• [WHAT THE TASK ASKS]: Please print the entries below exactly, from the line with "Grønne hojablanca oliven, i skiver, Ybarra" through the line with "Appartamento in affitto", including both of those lines and leaving out all others.

• [DATA SUPPLIED]:
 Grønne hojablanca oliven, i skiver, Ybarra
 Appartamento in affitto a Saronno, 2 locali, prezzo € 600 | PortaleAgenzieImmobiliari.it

--

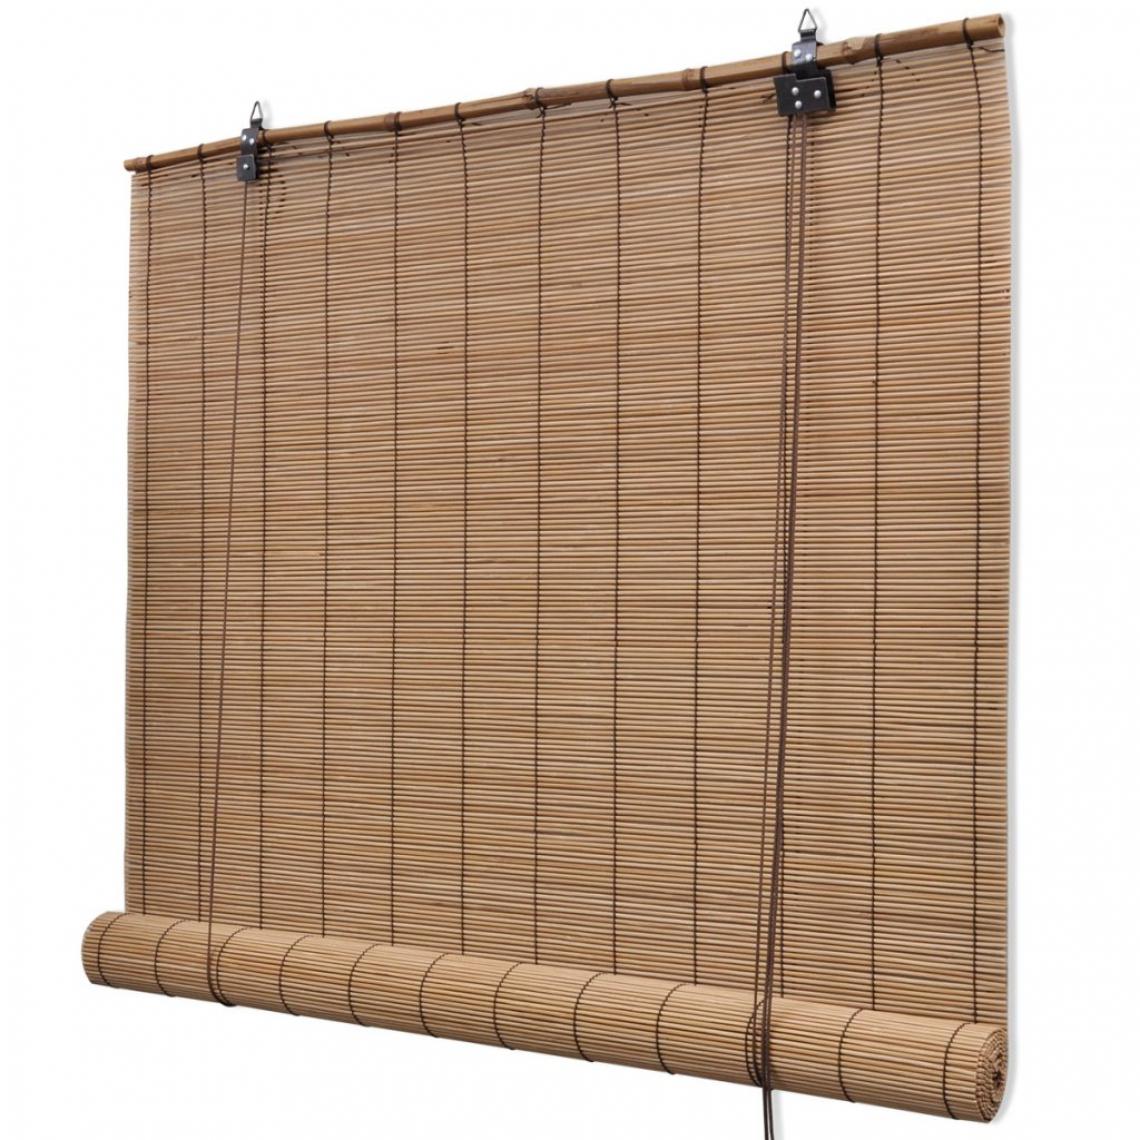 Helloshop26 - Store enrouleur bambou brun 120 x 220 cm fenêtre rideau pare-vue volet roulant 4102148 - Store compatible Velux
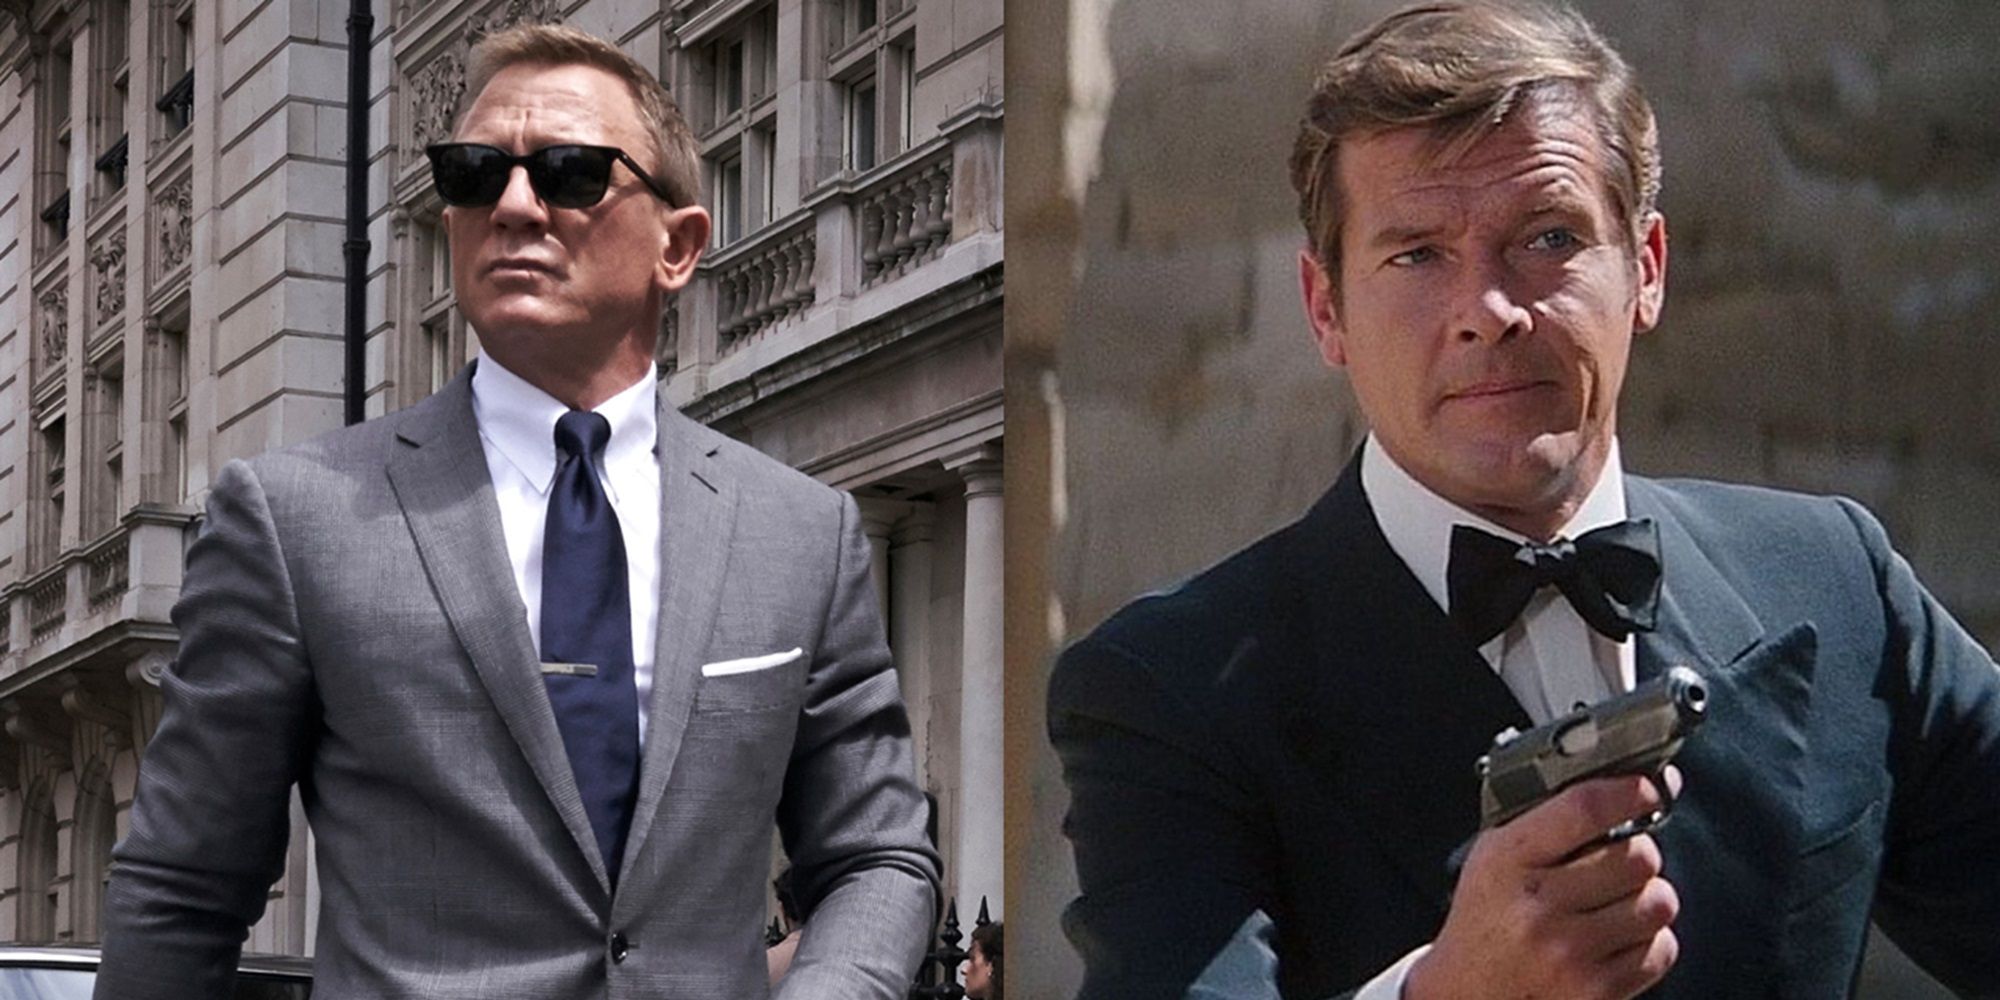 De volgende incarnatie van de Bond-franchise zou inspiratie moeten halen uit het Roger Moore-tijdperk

• [ANSWER TO THE PROBLEM]:
 Grønne hojablanca oliven, i skiver, Ybarra
 Appartamento in affitto a Saronno, 2 locali, prezzo € 600 | PortaleAgenzieImmobiliari.it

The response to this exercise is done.